[kwlug-disc] One distro, another kernel?
ldpaniak at fourpisolutions.com
Mon Apr 12 13:57:04 EDT 2010
I'd try any/all kernel chimeras out in a (disposable) virtual machine
before trying it in real life.
Are you sure you don't just want to compile a driver module or two?
As Paul noted, I believe there have been great changes in udev since
2.6.18. I'm sure there have been plenty of other changes in the past
three/four years as well.
On Mon, 2010-04-12 at 12:47 -0400, Paul Nijjar wrote:
> On Mon, Apr 12, 2010 at 12:17:12PM -0400, Richard Weait wrote:
> > How wrong is this?
> > Could one, for example, run Ubuntu on a Centos kernel?
> In principle, yes. I can think of two strategies to try this out:
> 0. Get the CentOS kernel sources that are patched with specific CentOS
> features. Then compile that kernel on your Ubuntu box with
> kernel-package. This will give you a .deb that you can install on your
> Ubuntu machine as a "custom" kernel.
> You could keep pace with the CentOS kernel tree as much as you wanted,
> but you would need to recompile that kernel every so often.
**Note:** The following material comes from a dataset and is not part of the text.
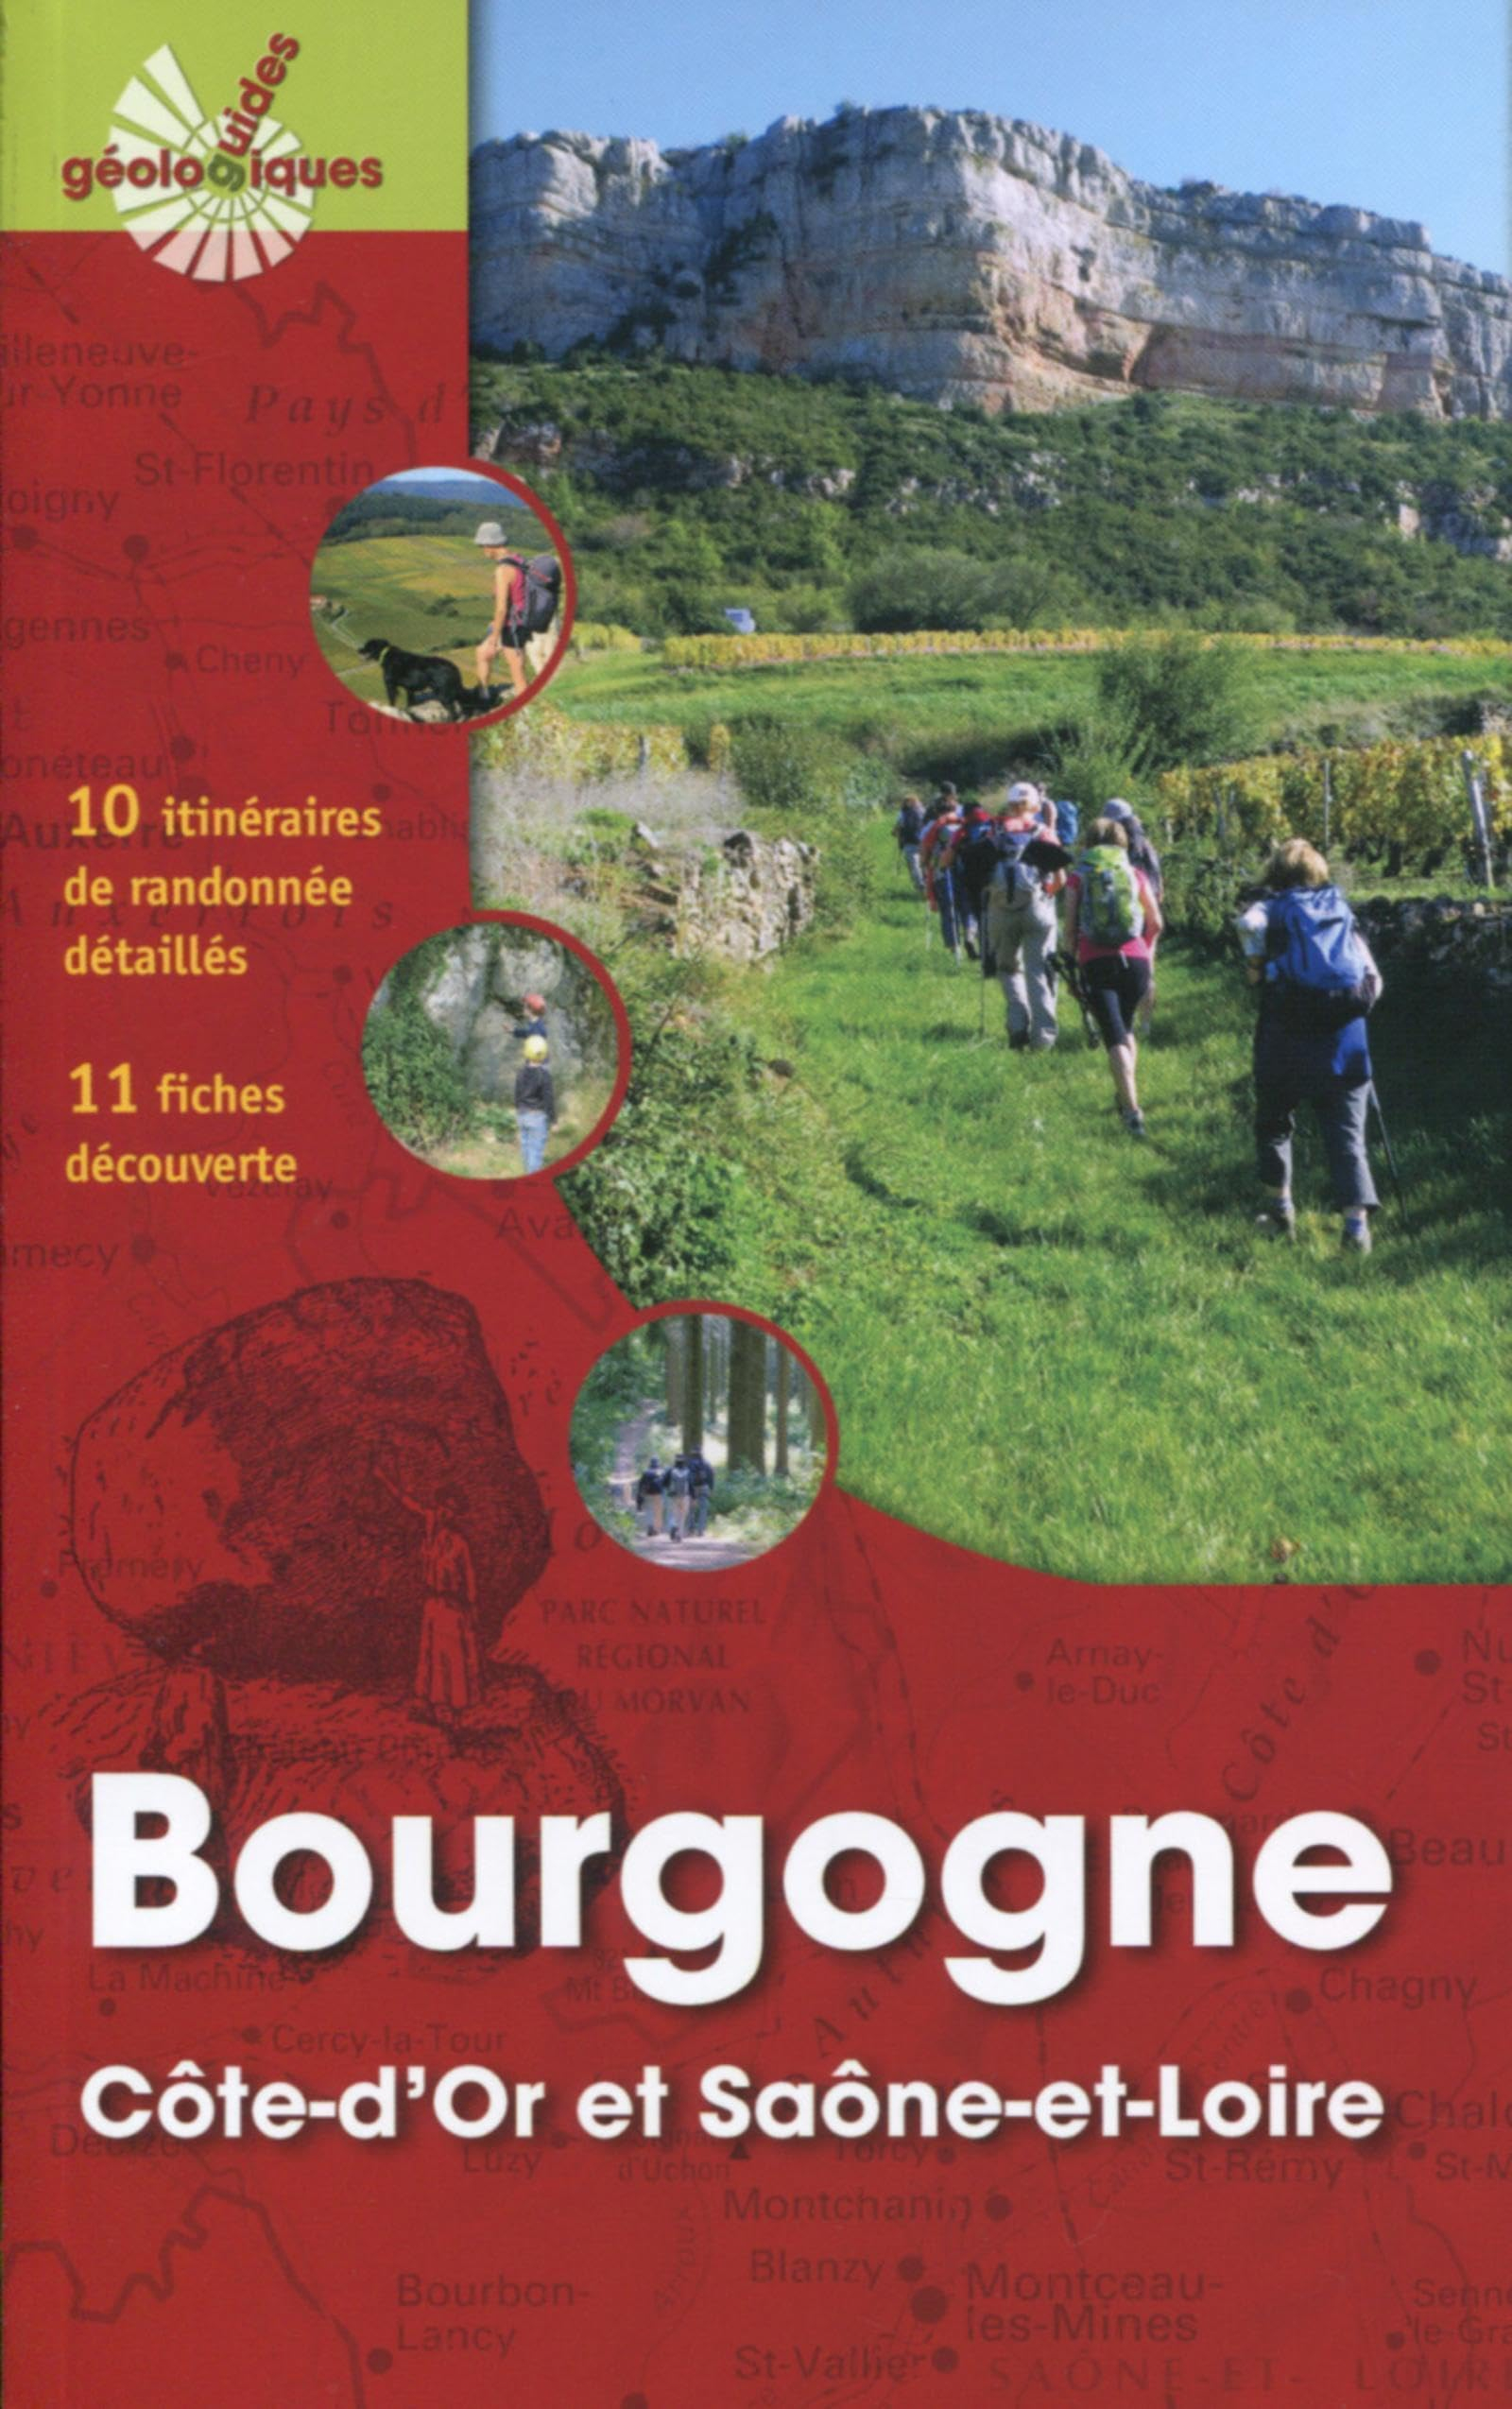 Bourgogne : Côte-d'Or et Saône-et-Loire : 10 itinéraires de randonnée détaillés, 11 fiches découvert

> Of course this is not EXACTLY a CentOS kernel, but it should be
> configured pretty closely to one. Maybe that is good enough for
> government work.
> I guess you could try the "alien" utility to install the CentOS
> .rpm files directly, but that sounds like a world of pain.
> 1. As Chris suggested, you could make a CentOS chroot environment. If
> you chroot into that environment you would be running the old Ubuntu
> kernel in the CentOS directory tree. That is not a perfect solution
> but it would illustrate some things that break right away.
> If your question was the other way around I would have recommended
> running debootstrap to generate a Ubuntu chroot.
> Five seconds of intense websearching gives me "Mock" as one
> possibility and "febootstrap" as another:
> Things I would expect would break: udev stuff, RAID configurations,
> GRUB locations (especially if one system uses GRUB 2).